The two will battle for the first-ever flyweight championship at UFC 152 at the Air Canada Centre. The winner will not only be the 125-pound champion but also become just the eighth first-time division titleholder in the sport's history.
"This is huge," Benavidez said during a news conference Tuesday at the historic Massey Hall. "It's an honour to get into the UFC and to be a champion is also a dream but to be the first-ever only happens one time.
"I'm looking to be the George Washington of flyweight champions. Can't wait to come out here and put on a show.''
This will mark Johnson's second title bout. Johnson (15-2-1) lost the bantamweight title (135 pounds) to Dominick Cruz on Oct. 1, 2011.
"It means the world to me to fight for another UFC title," he said. "I wasn't so lucky at 135 but I'm going to bust my butt in the gym to try and get the 125 title.
"To be able to it here in Canada, my first time in Canada, it's awesome.''
The 27-year-old Benavidez (16-2) and Johnson, 25, qualified for the title bout by downing Yasuhiro Urushitani and Ian McCall in respective semifinal matchups.
The co-main event will be a middleweight showdown between title contenders Michael (The Count) Bisping and Brian (All American) Stann. Recently, the outspoken Bisping said his bout with Stann was the real main event in Toronto because he didn't believe fans were interested in the flyweight championship fight.
"It was pretty silly when I heard it but it's Michael Bisping," Benavidez said, Bisping seated beside him. "Everyone pretty much expects something ridiculous to come out of his mouth.
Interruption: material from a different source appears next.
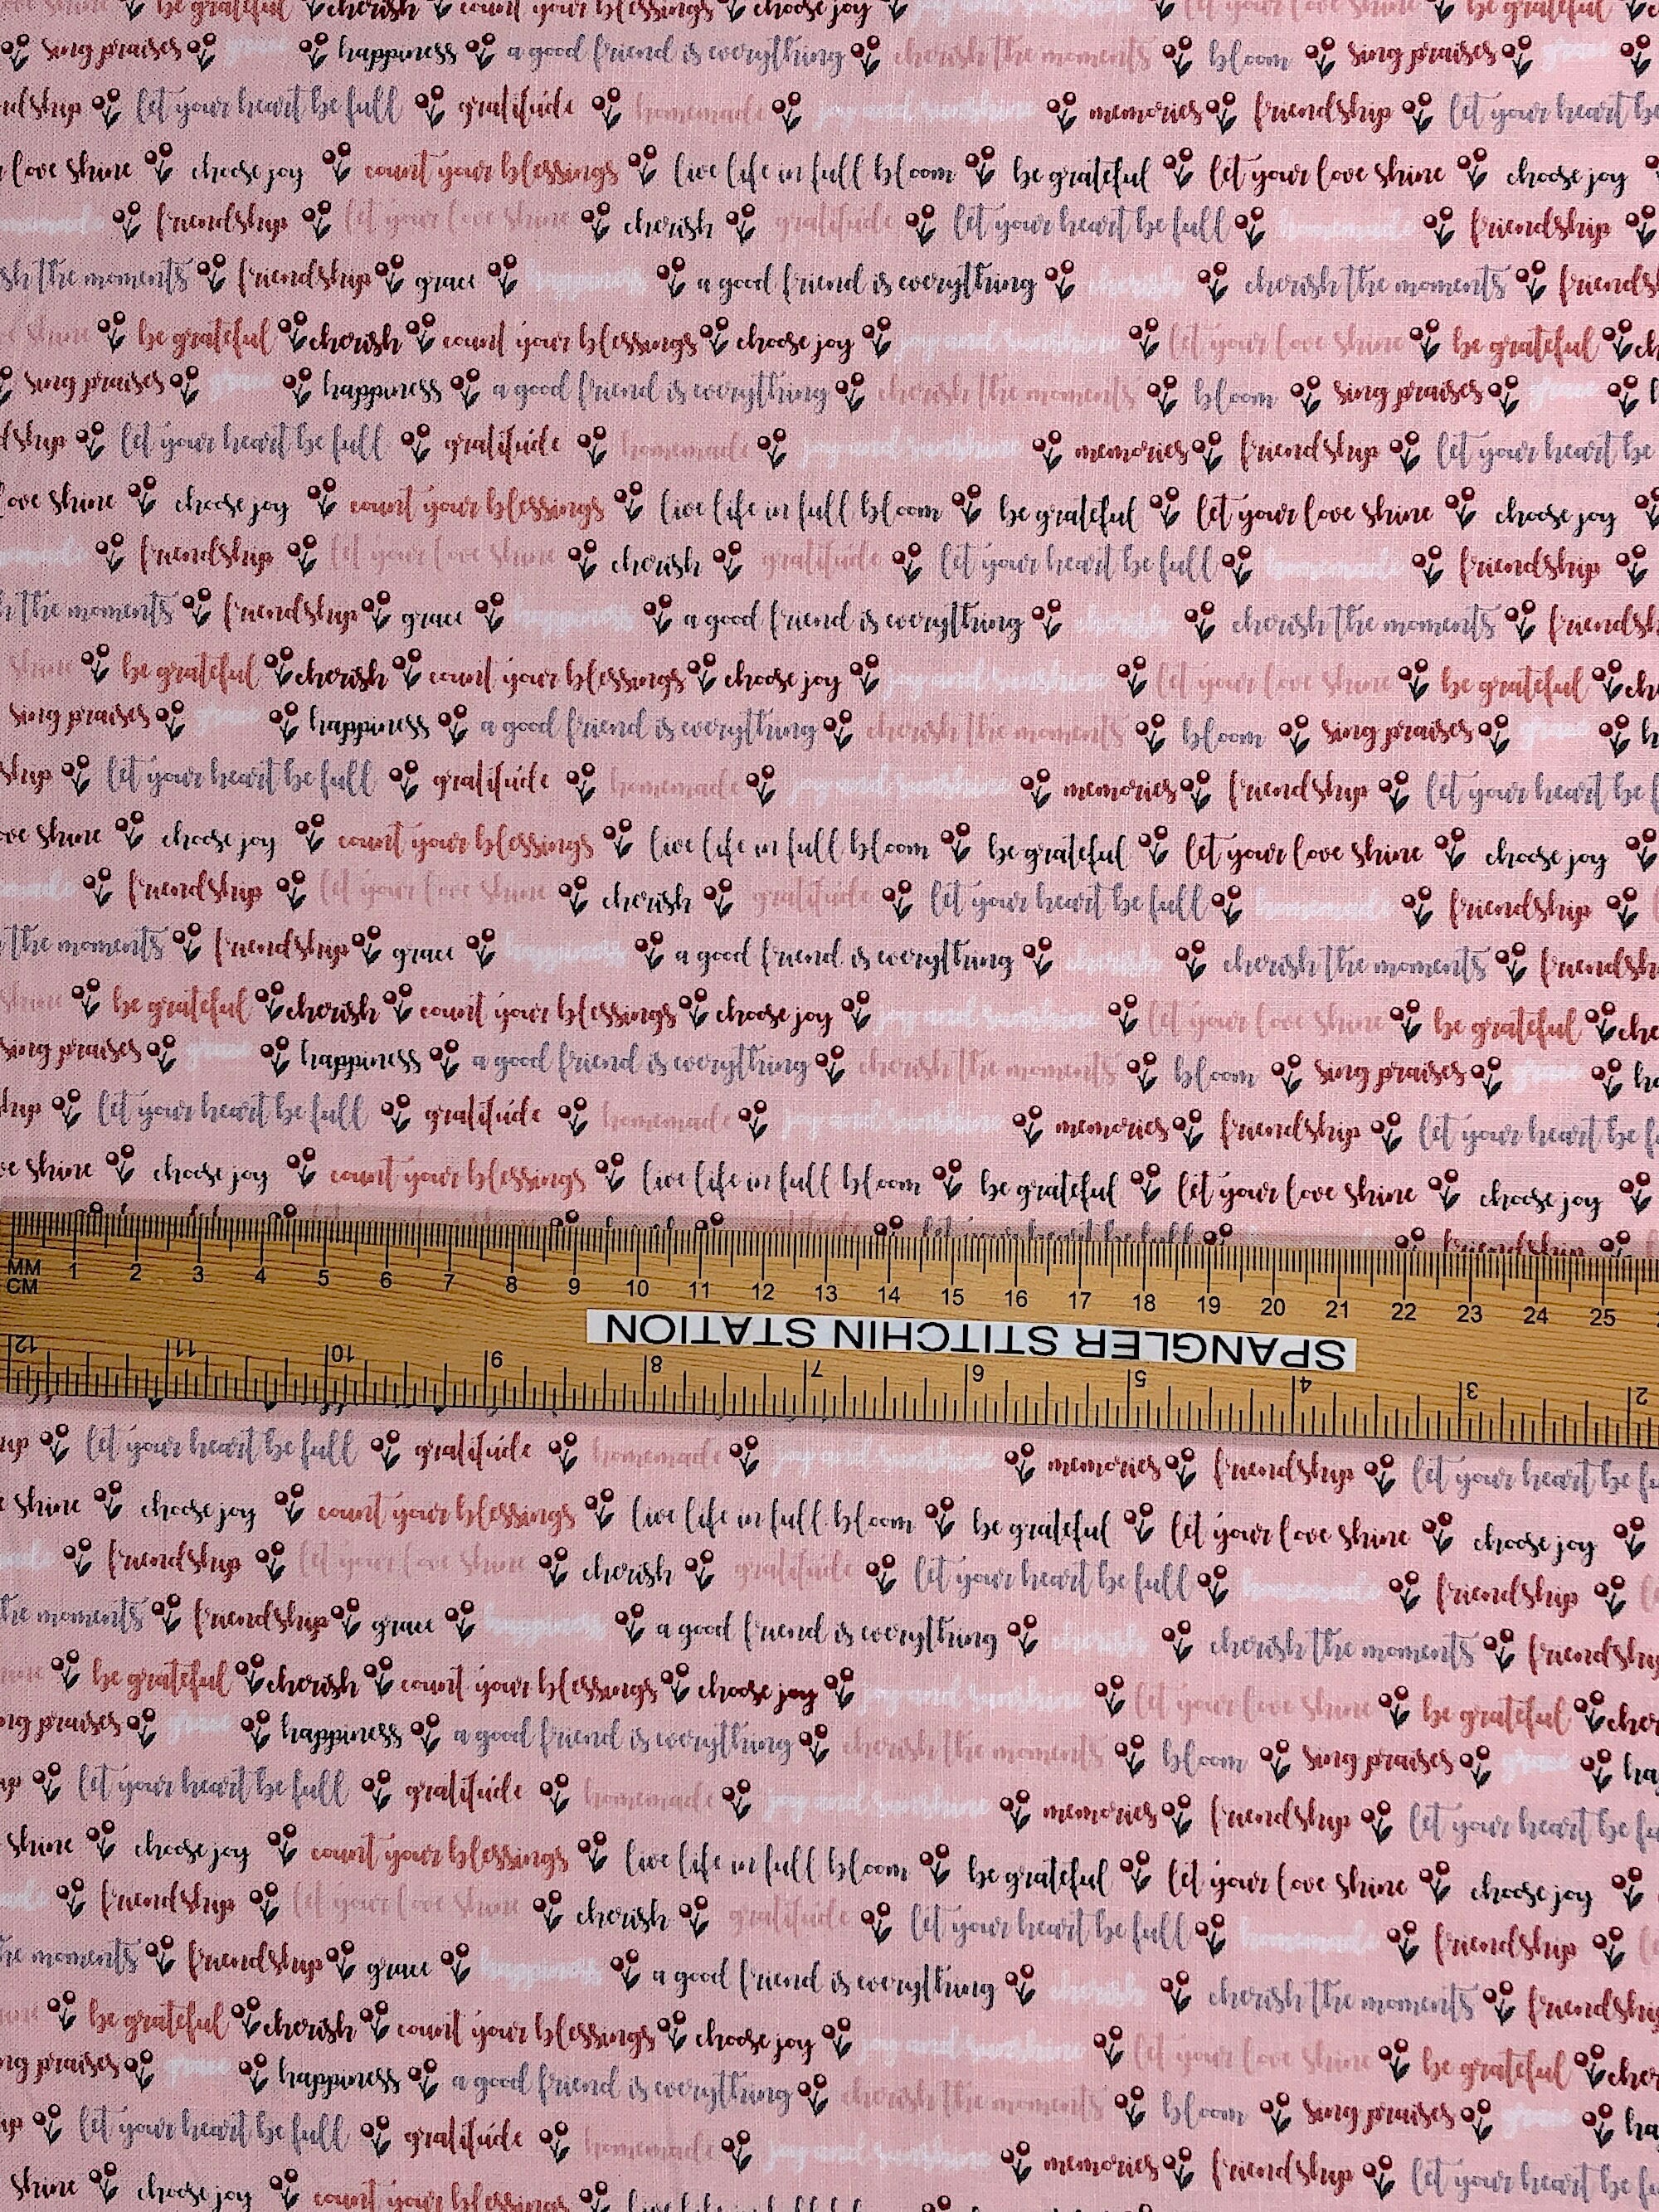 Ruler on fabric to show width.

"It's not going to change the fact we're the top two guys in the world and we're going to go out and make history that night. To everyone that supports us, thanks and we love you. Everyone that doesn't, including Bisping, I think you soon will and you'll be excited for this. It's going to be great. Glad to have you on the card as a co-main, buddy.''
Still, Bisping couldn't resist having the last word.
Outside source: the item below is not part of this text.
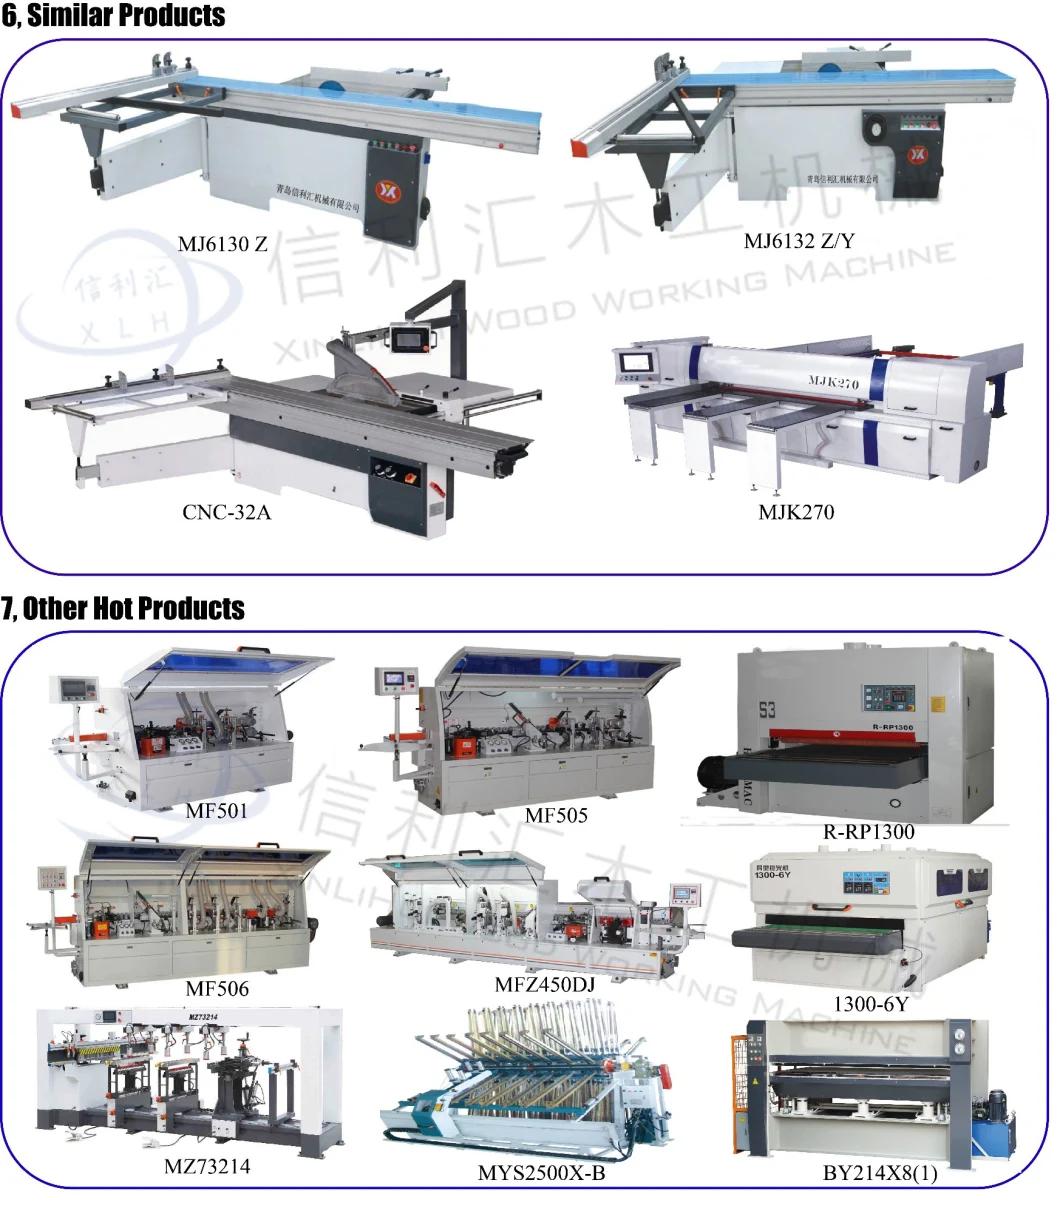 2800 Working Length 90 Tilting Degree Semi-Density Flake Board Panel Saw Machine Export Manufacture for Wood Working Machines Wood Saw Cutting Small Sawmill

"Sorry, did you say something?'' he said playfully to Benavidez. "No one cares about the flyweights.''
Bisping, a 33-year-old native of Manchester, England, is coming off a controversial loss to Chael Sonnen in January. But Bisping (23-4) feels a win over Stann (12-4) should secure him a title shot against champion Anderson Silva.
''I want to fight for the title, I want to fight Anderson Silva but you can't look past Brian Stann,'' Bisping said. "He's an incredible fighter so for me right now I'm not even thinking about the title, I'm fighting Brian Stann and I've got my hands full with that.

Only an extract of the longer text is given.